Test Your Agents Like You Test Your Code

Your agent works great in development. But will it work in production? With Agent CI, you can find out before you deploy.

In 5 minutes, you'll have automated testing running on every pull request. Here's how:

Step 1: Connect Your Repository

Install Agent CI on Your GitHub Organization

  1. Go to agent-ci.com and click "Login with GitHub"
  2. Authorize Agent CI to verify your GitHub identity (you'll see a GitHub authorization page)
  3. Install the Agent CI GitHub App:
    • You'll be redirected to GitHub's app installation page
    • Choose your organization from the dropdown (only organization owners can install apps)
    • Select repository access:
      • Choose "All repositories" for organization-wide access
      • Or choose "Only select repositories" and pick specific repos
    • Click "Install" to complete the GitHub App installation

Note: Only organization owners can install GitHub Apps. If you're not an owner, ask an organization owner to complete this step.

Set Up Agent CI

  1. Create your organization in Agent CI (you'll be redirected back after GitHub installation)
  2. Click "Create New Application" and select your repository from the dropdown
  3. Confirm permissions - Agent CI will show you exactly what access it has to your selected repositories

That's it.

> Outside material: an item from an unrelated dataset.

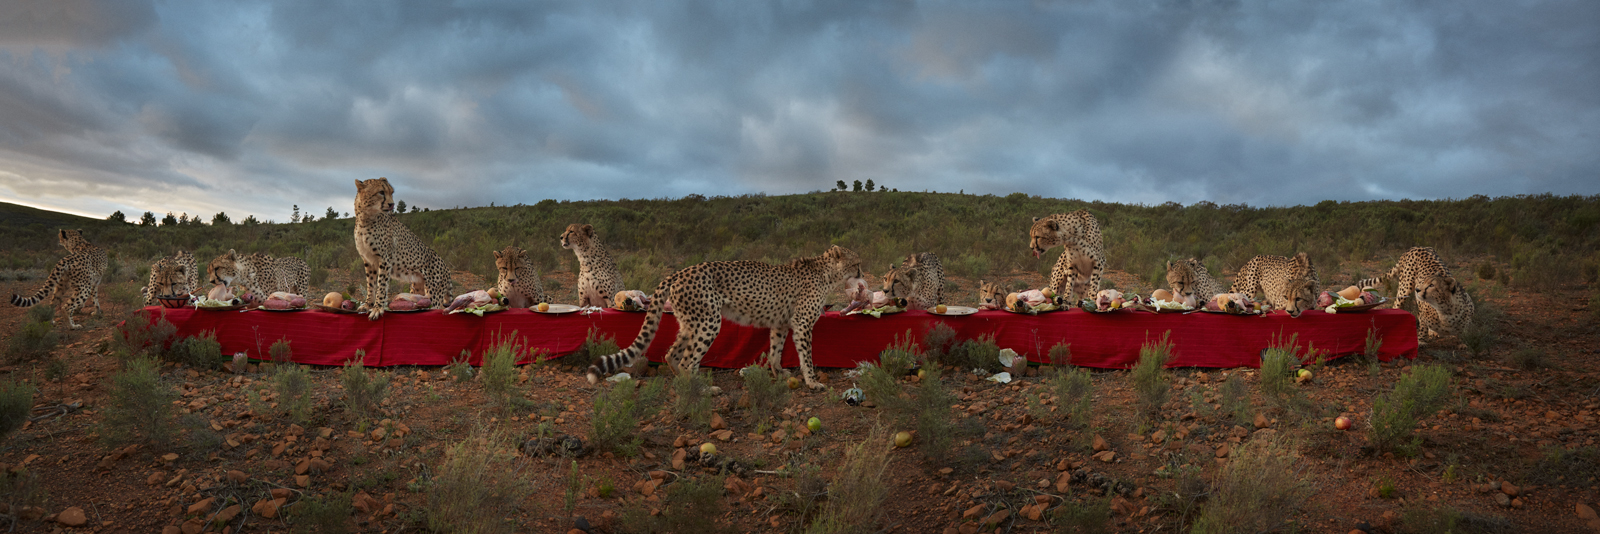  The Cheetah Feast  South Africa, 2016  10”x30” | 20”x60” | 40”x120” 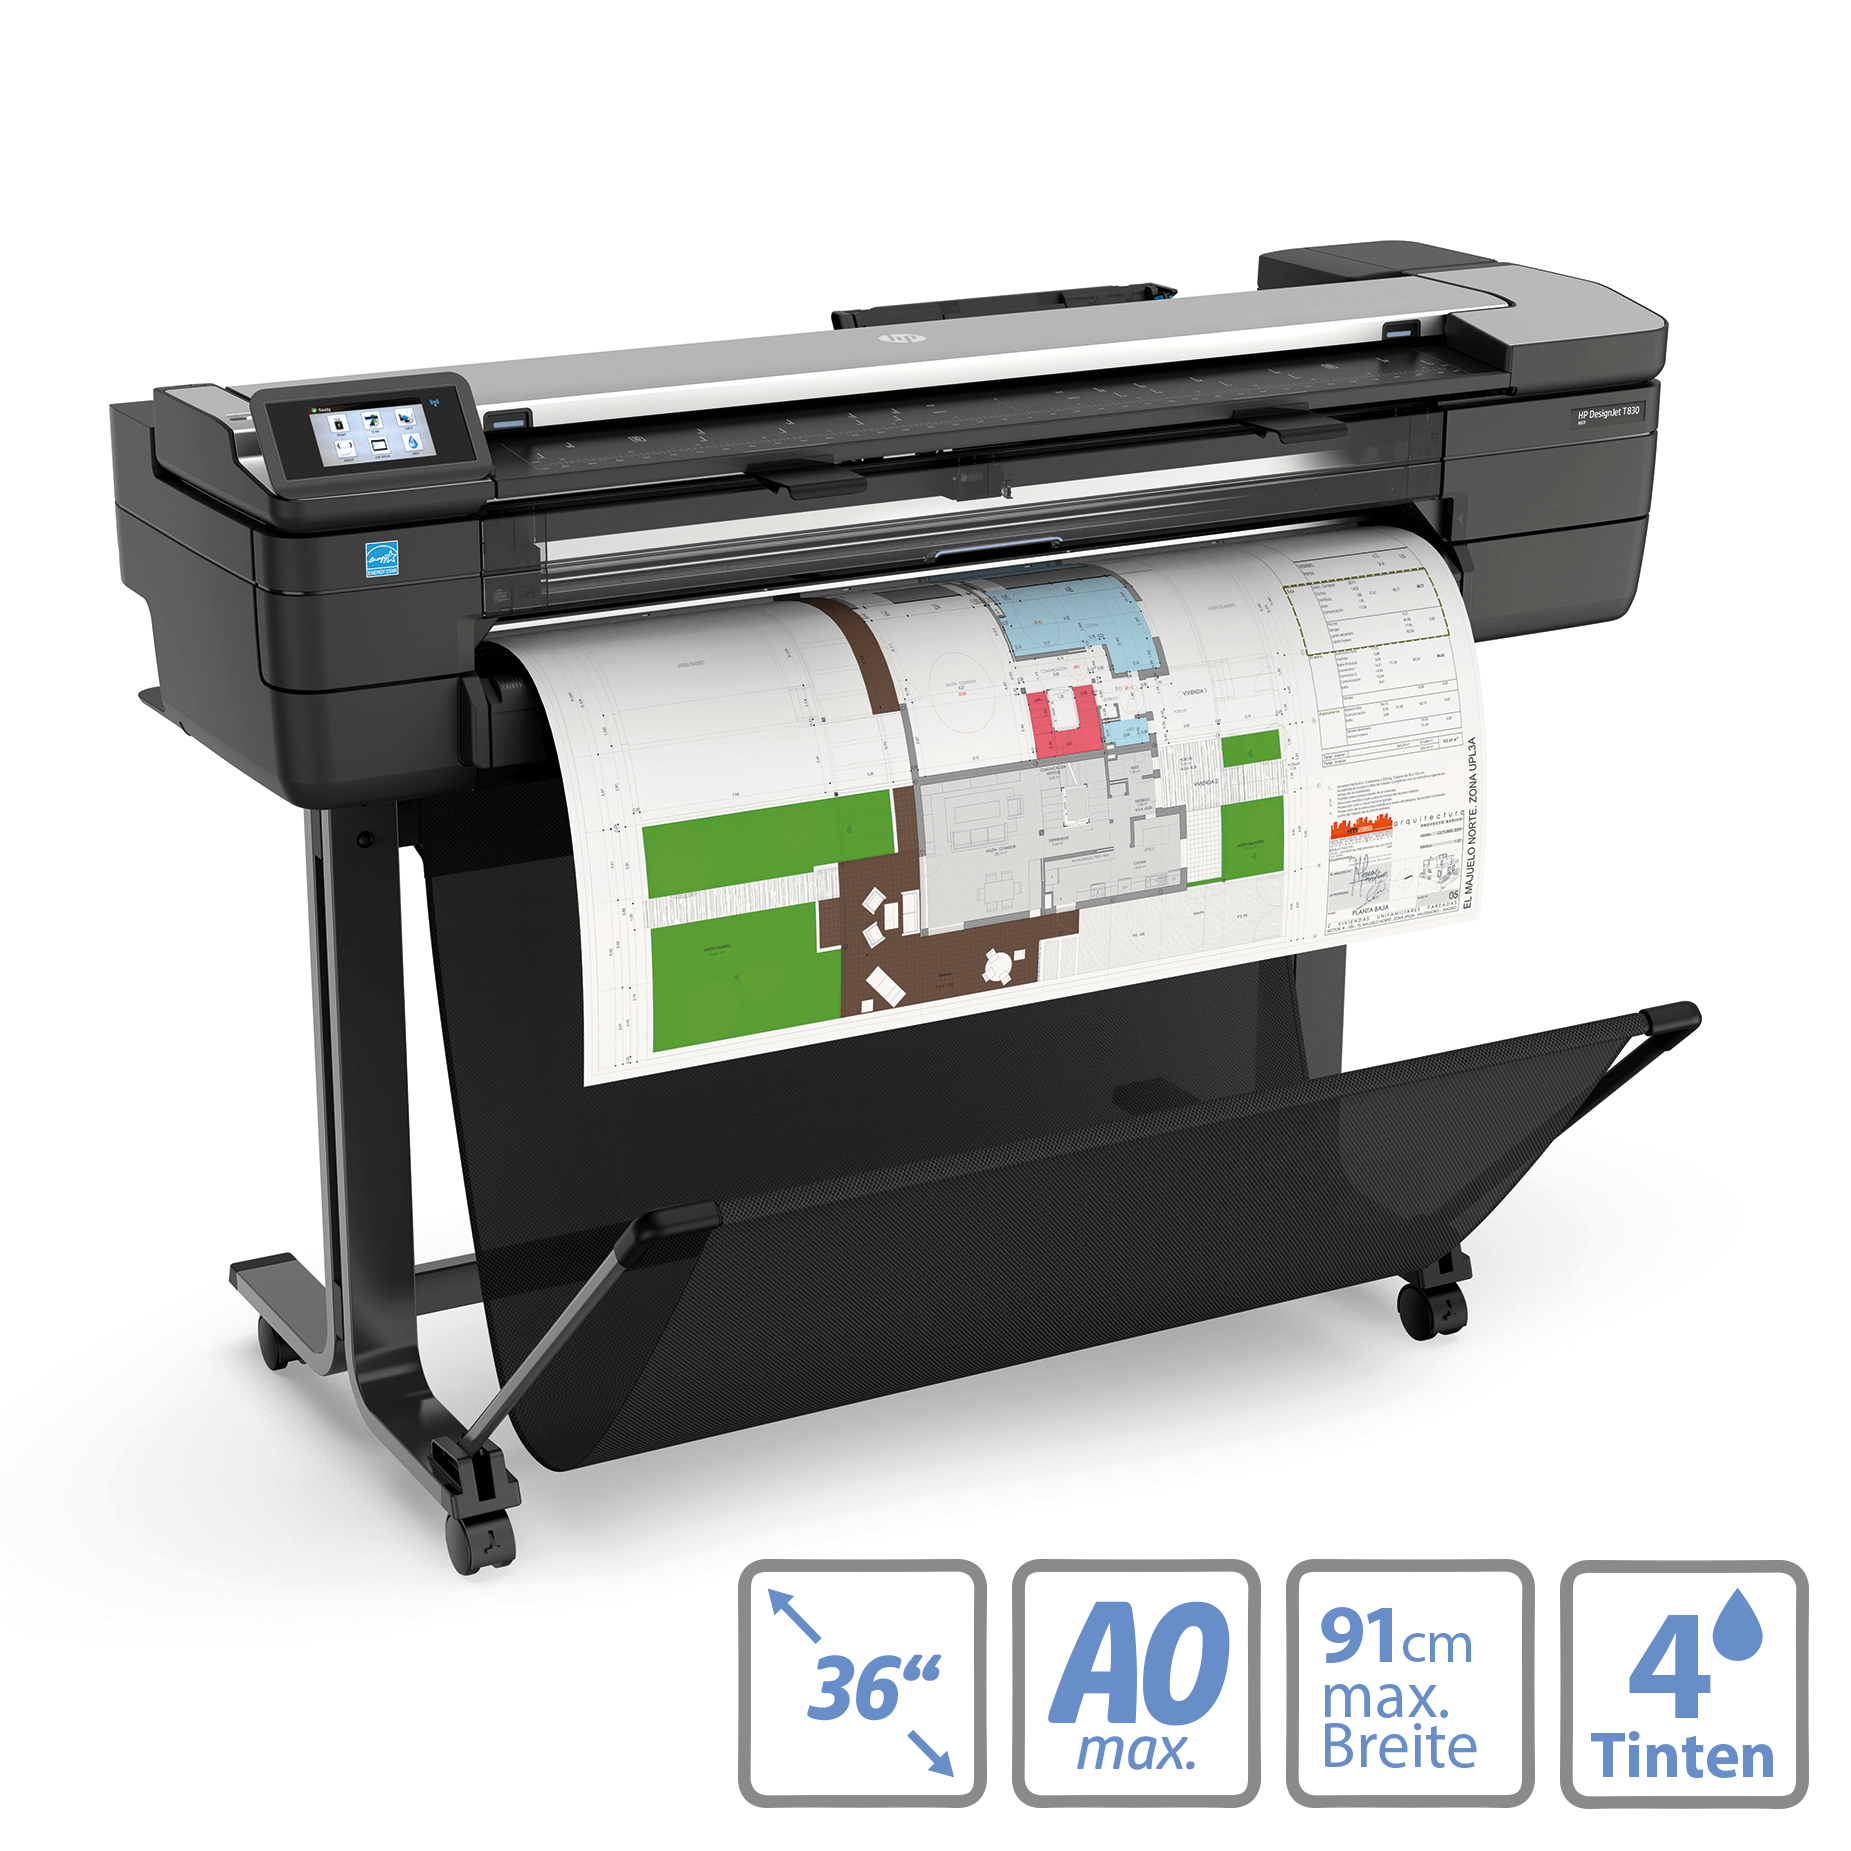 HP Designjet T830 MFP: Multifunktionaler Großformatdrucker mit 91cm (36 Zoll) Druckbreite und 4 Druckfarben

Agent CI is now monitoring your repository for pull requests and can run evaluations.

Step 2: Write Your First Test

Create a folder called .agentci in your repository root and add this file:

.agentci/basic-test.toml

[eval]
description = "Basic agent test"
type = "accuracy"
targets.agents = ["*"]

[[eval.cases]]
prompt = "What is 2 + 2?"
output = "4"

[[eval.cases]]
prompt = "Hello!"
output = "{{*}}"  # Matches any response

Commit and push this file. That's your first agent evaluation!

Step 3: See It Work

Open a pull request with your new .agentci/basic-test.toml file. Within seconds, you'll see:

✅ Agent CI: Evaluation complete
   └── ✅ basic-test (2/2 test cases passed)

That's it! You now have automated agent testing on every pull request.

Why This Works So Well

Configuration files in Git = Separation of concerns

  • Your agent code stays clean
  • Tests are versioned with your code
  • Changes are auditable and reviewable
  • Teams can collaborate on test criteria

Zero setup, maximum power

  • No servers to manage
  • No complex deployment configurations
  • Automatic environment creation
  • Native GitHub integration

Level Up: More Evaluation Types

Once you're comfortable with basic accuracy tests, try these:

Performance testing:

[eval]
type = "performance"
[eval.thresholds]
max_latency_ms = 2000

Safety checks:

[eval]
type = "safety"
[eval.templates]
prompt_injection = true
harmful_content = true

Consistency verification:

[eval]
type = "consistency"
iterations = 5  # Run 5 times, check variance

Next Steps

Add more tests as you need them:

  • Performance thresholds
  • Safety checks against prompt injection
  • Consistency across multiple runs

Invite your team:

  • Everyone can see evaluation results on PRs
  • Changes to tests go through code review
  • Full audit trail of who changed what

Scale with confidence:

  • Production monitoring runs automatically
  • Performance trends tracked over time
  • Regressions caught before users see them

The 5-Minute Foundation

In just 5 minutes, you've built something powerful:

  • Automated testing for AI agents
  • Confidence in your deployments
  • A foundation that scales with your team

Your agents are no longer black boxes. They're systematically tested, continuously monitored, and ready for production.